🤖 AI Summary
To address the resource constraints of edge devices, this paper proposes BESTformer—the first binary event-driven spiking Transformer—designed to achieve high accuracy with ultra-low computational and memory overhead. Methodologically, it employs 1-bit weight quantization and binary attention maps, and introduces a novel Coupled Information Enhancement (CIE) distillation framework: leveraging reversible network architecture and mutual information maximization to bridge the information gap between the binary student and full-precision teacher models. The design tightly integrates spiking neural dynamics, event-driven attention, and binary optimization. Experiments demonstrate that BESTformer significantly outperforms existing binary spiking neural networks (SNNs) on both static and neuromorphic datasets, maintaining competitive accuracy while drastically reducing parameter count and FLOPs. This work establishes a compact, efficient, and energy-efficient paradigm for edge AI.
📝 Abstract
Transformer-based Spiking Neural Networks (SNNs) introduce a novel event-driven self-attention paradigm that combines the high performance of Transformers with the energy efficiency of SNNs. However, the larger model size and increased computational demands of the Transformer structure limit their practicality in resource-constrained scenarios. In this paper, we integrate binarization techniques into Transformer-based SNNs and propose the Binary Event-Driven Spiking Transformer, i.e. BESTformer. The proposed BESTformer can significantly reduce storage and computational demands by representing weights and attention maps with a mere 1-bit. However, BESTformer suffers from a severe performance drop from its full-precision counterpart due to the limited representation capability of binarization.
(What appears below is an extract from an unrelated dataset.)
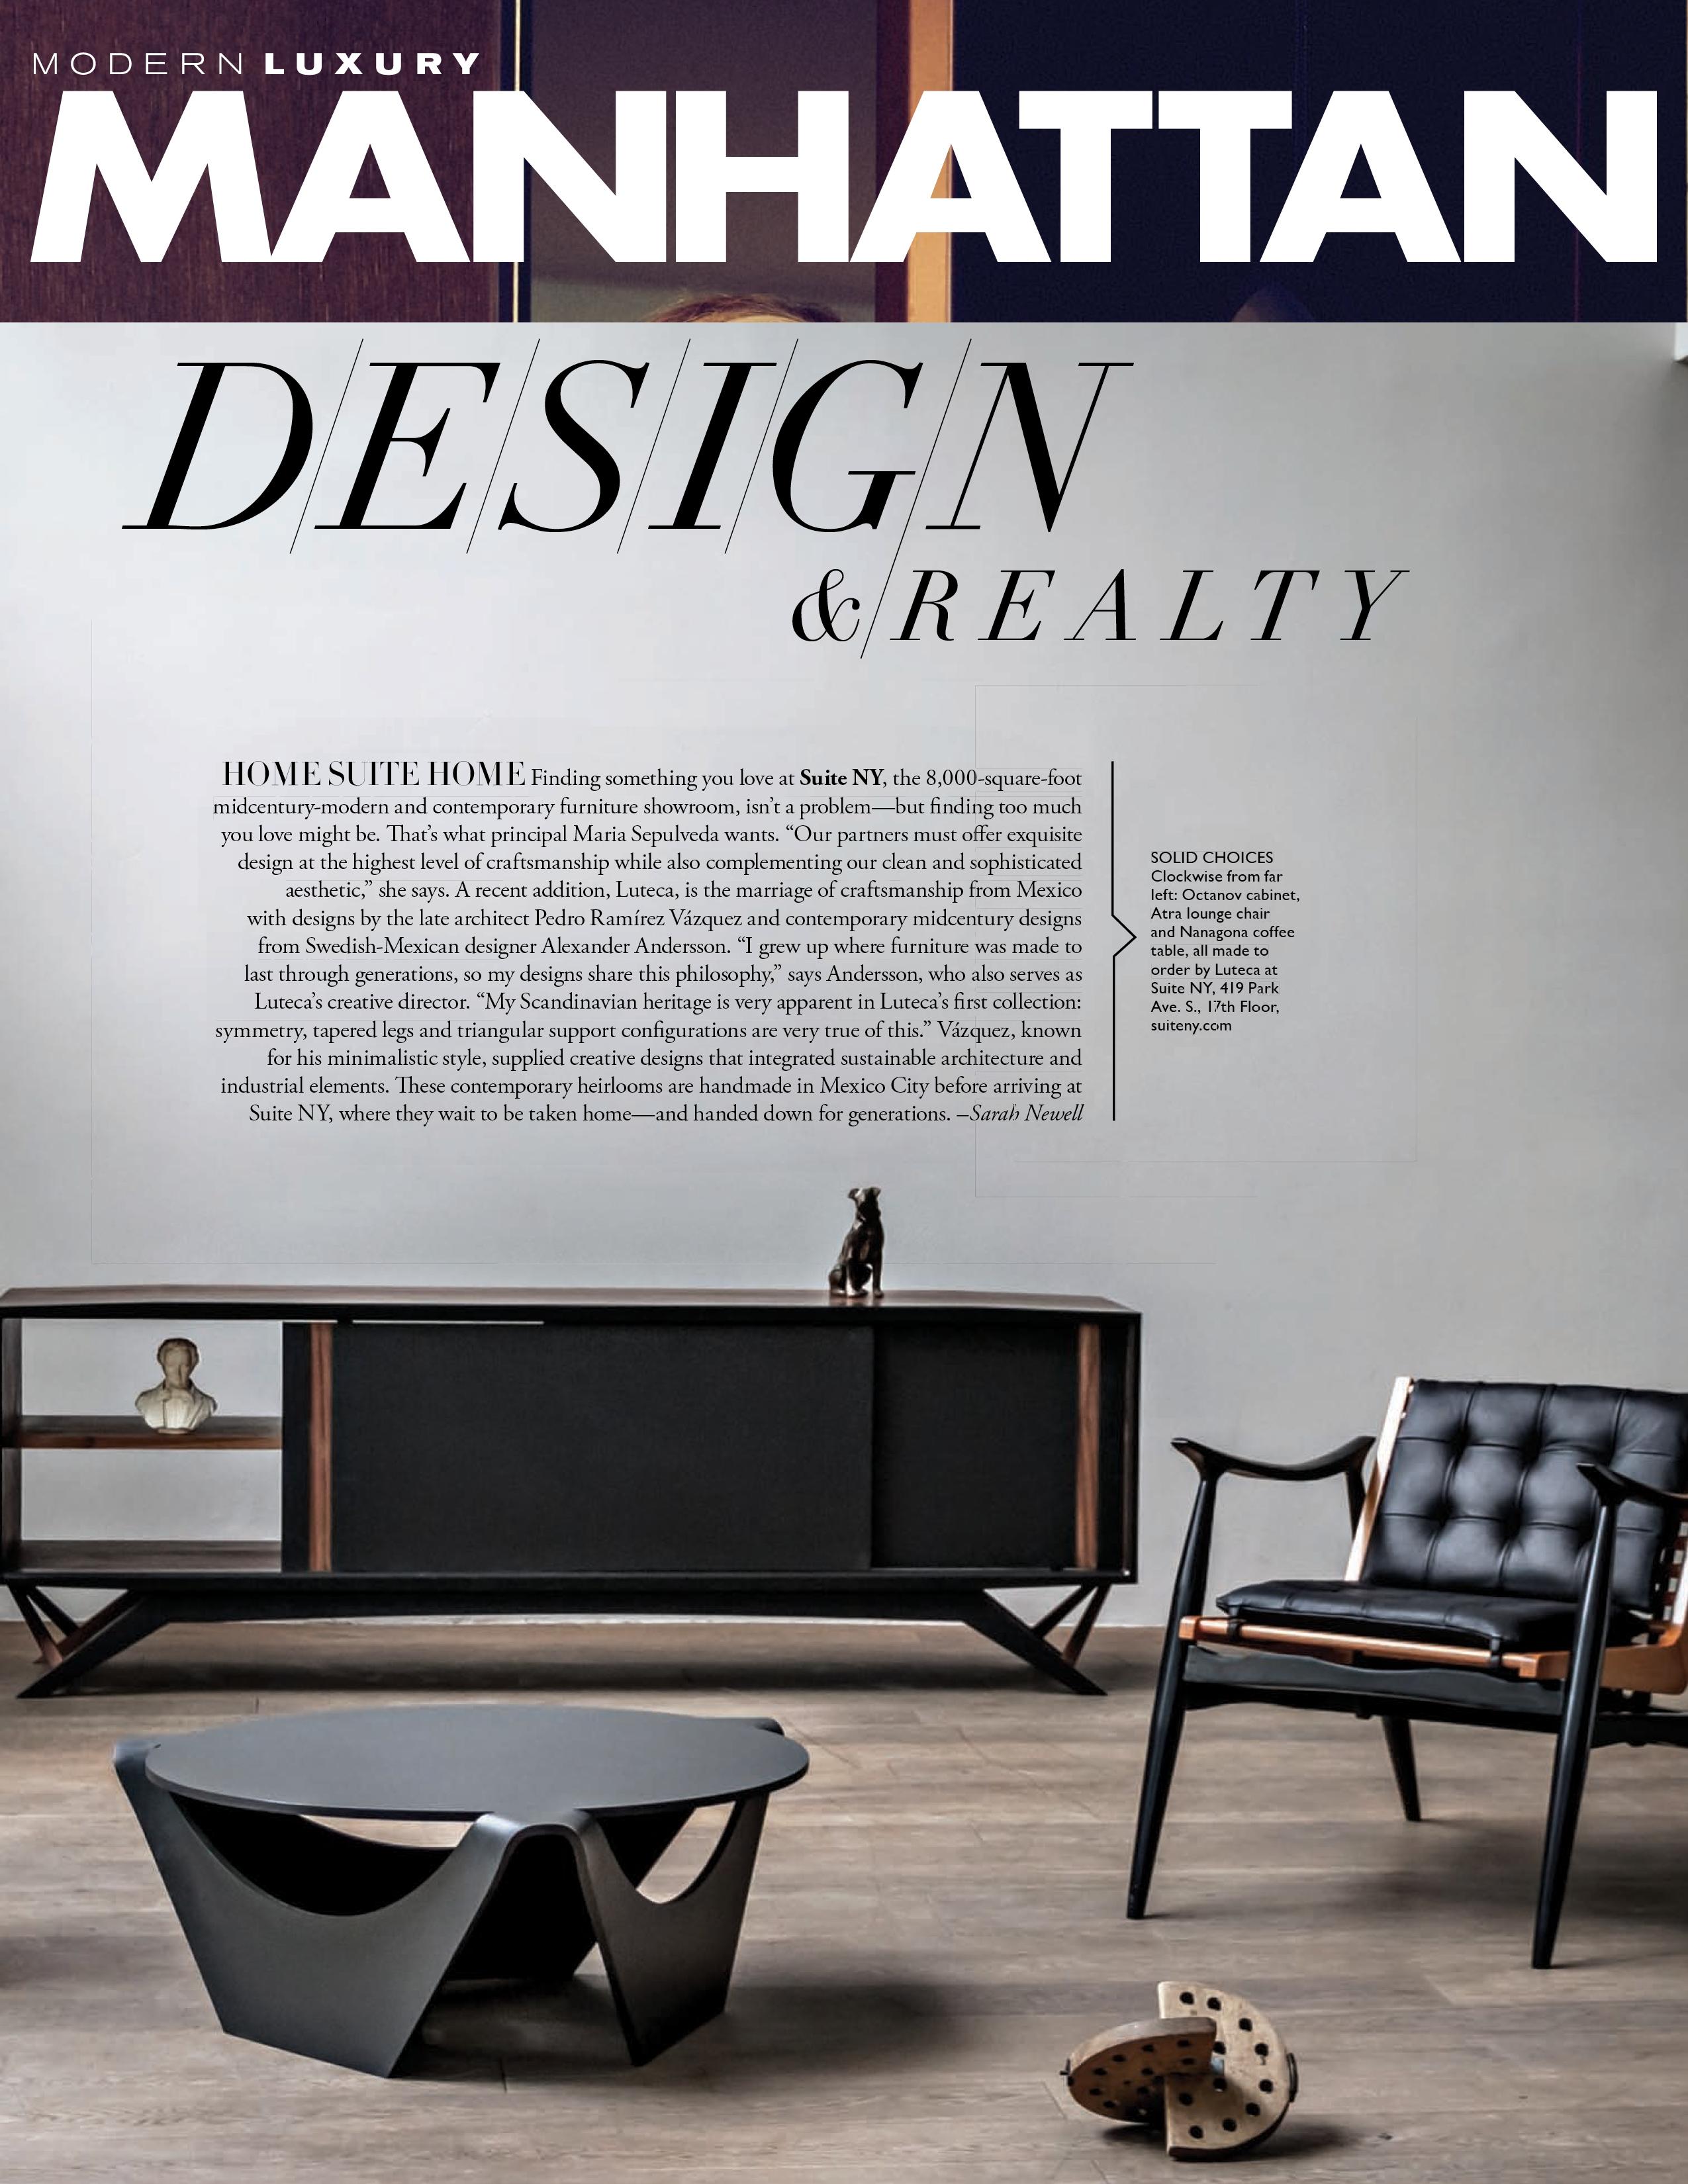 Luteca mexican designer furniture alexander andersson pedro ramirez vazquez atra chair

To address this issue, we propose a Coupled Information Enhancement (CIE) method, which consists of a reversible framework and information enhancement distillation. By maximizing the mutual information between the binary model and its full-precision counterpart, the CIE method effectively mitigates the performance degradation of the BESTformer. Extensive experiments on static and neuromorphic datasets demonstrate that our method achieves superior performance to other binary SNNs, showcasing its potential as a compact yet high-performance model for resource-limited edge devices.